Saudi drivers care about warning signs too: a pedestrian crossing is a warning to them that stupid pedestrians might leave a mark on their car if they don’t move out of their way fast enough.
Hazard lights are used when there is fog or a sandstorm, since Saudi cars do not have rear fog lamps. So as the forward fog lamps are not now needed for their original purpose they in turn are used to warn other drivers to make way for a Saudi prince, important businessman, etc etc.
The horn is used to let other drivers in front of you know that the lights changed to green half a second ago. If you don’t use your horn you are in danger of being thought of as a wimp - never a good reputation to have in the Middle East.
OK; let’s be serious for a moment. The authorities have recently brought in new rules and regulations aimed at improving driving standards generally. There is a new points system modelled on the points systems of many western countries. Get too many points and you’re banned from driving – unless you are a Saudi with plenty of wasta of course. Driving whilst under the influence of alcohol is an immediate 16 points deduction – enough to lose your licence in one hit. Drive without having suitable brakes on your car and it’s four points away. Drive your family goat whilst not having suitable brakes on your car and it’s two points away (presumably the goat can act as a buffer in the event of an accident?).
But the question on everyone’s mind right now is what will happen when women are allowed to drive. For the signs are there right now for all to see. A new driving school has recently been built in Riyadh. Half the building is up and running; but the other half is totally empty. Everyone assumes this is in readiness for when women are given the green light, so to speak.

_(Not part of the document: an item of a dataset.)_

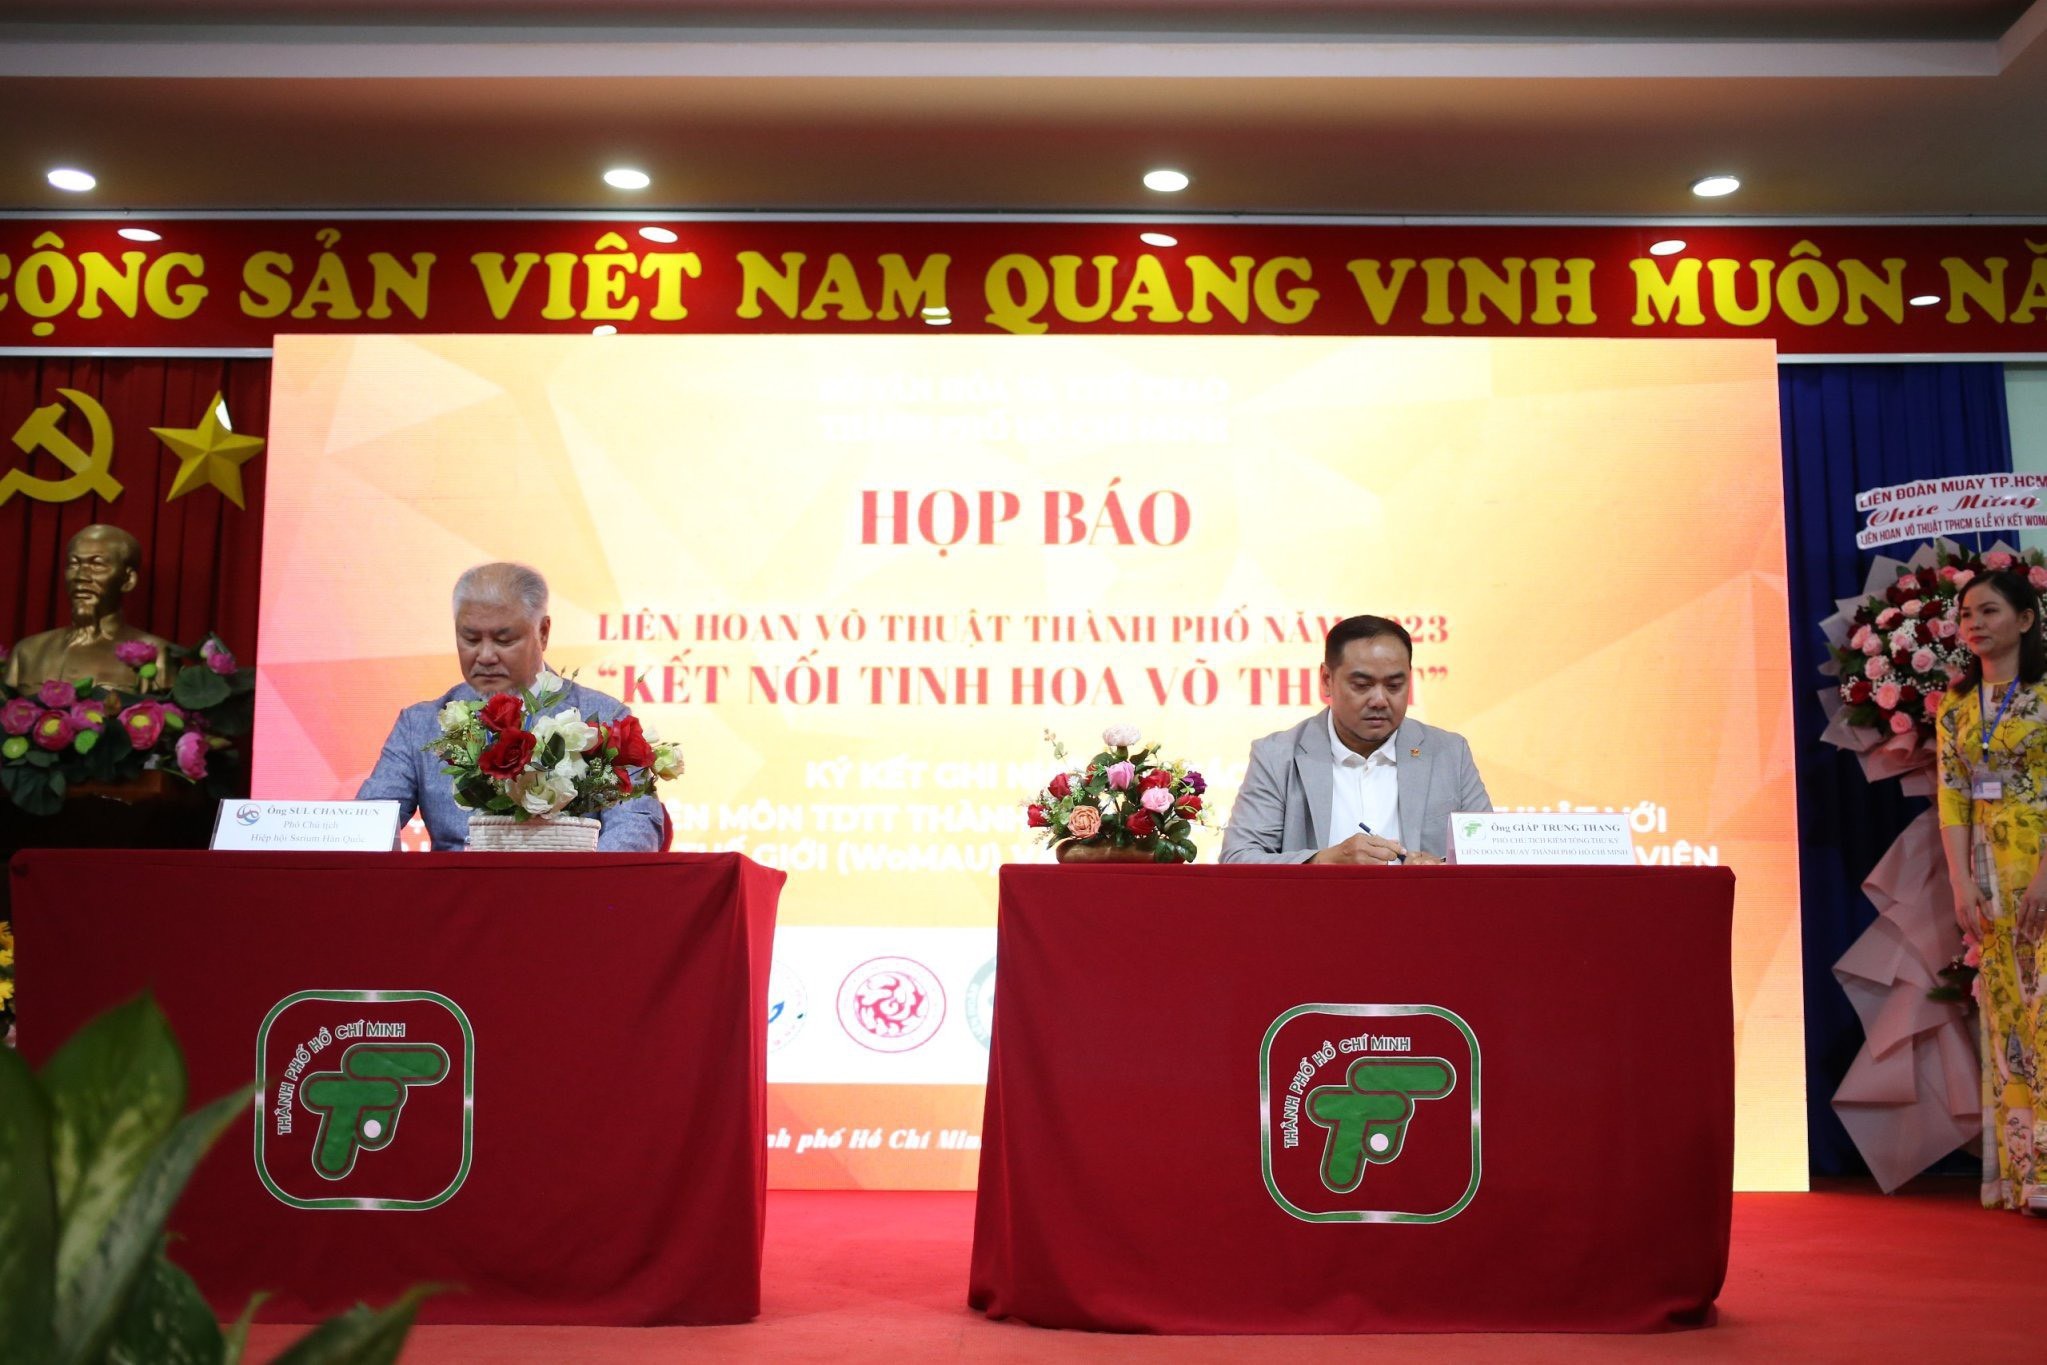 Khởi động Liên hoan Võ thuật Thành phố Hồ Chí Minh năm 2023 “Kết nối tinh hoa Võ thuật”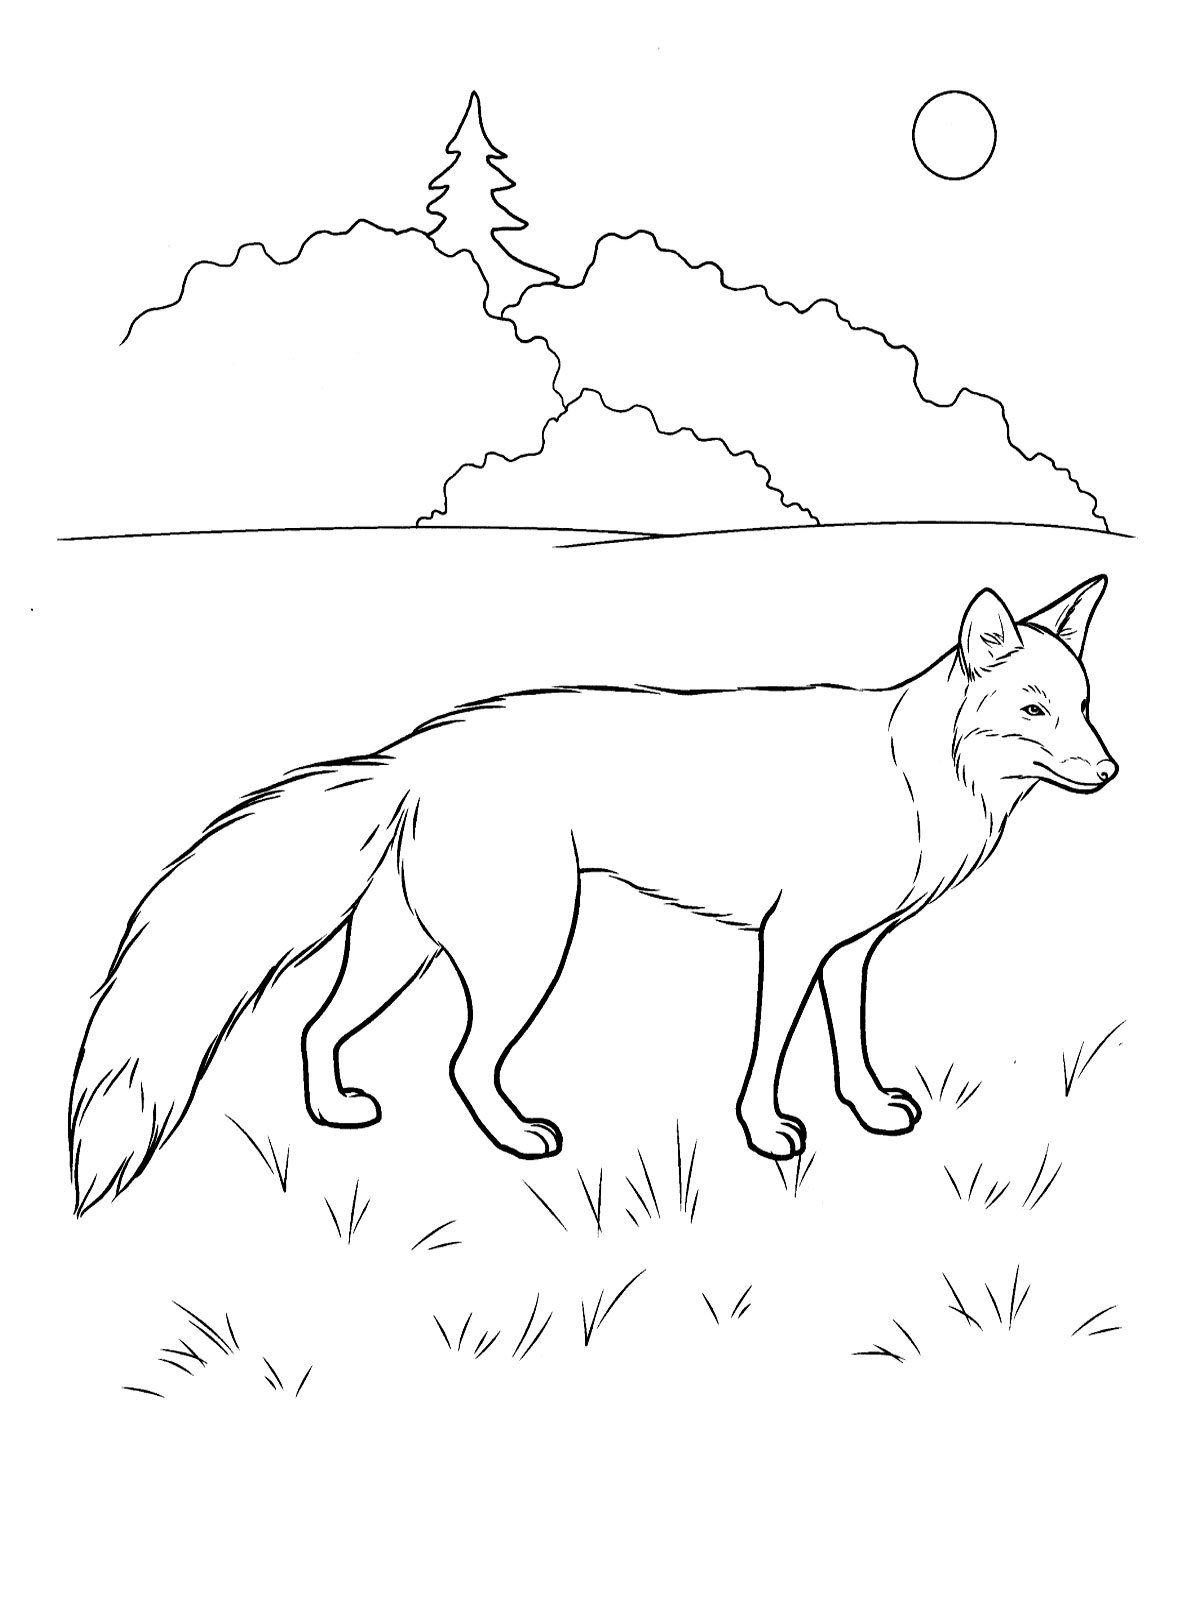 Рисунок лисы для раскрашивания

The problem is a serious one. Embedded in Saudi law is the fact that unrelated men and women must not socialise or even be seen talking to one another. So what will happen when a car driven by a woman is involved in an accident? Do the two drivers not talk to one another? And who is to say that male Saudi drivers with their racing hormones won’t deliberately bump into the car of a female driver – especially an expatriate female driver - in order to chat her up? No-one is yet ready to offer an answer, which may be why no date has yet been fixed for female driving to be introduced, despite having been mooted for years.
There again, you should never forget the counter argument, made by many a religious zealot, that it shouldn’t be necessary for women to drive as it is both unnatural and unnecessary anyway, as a woman’s place is in the home. Which may be why it is very common to see what at first sight appears to be cars driven by themselves … until you look a bit closer and see a small boy, no more than 10 or 11 years old, peering over the steering wheel as he manoeuvres his mother and sisters to a pressing appointment. But that, as they say, could be the start of yet another blog on life in the Middle East.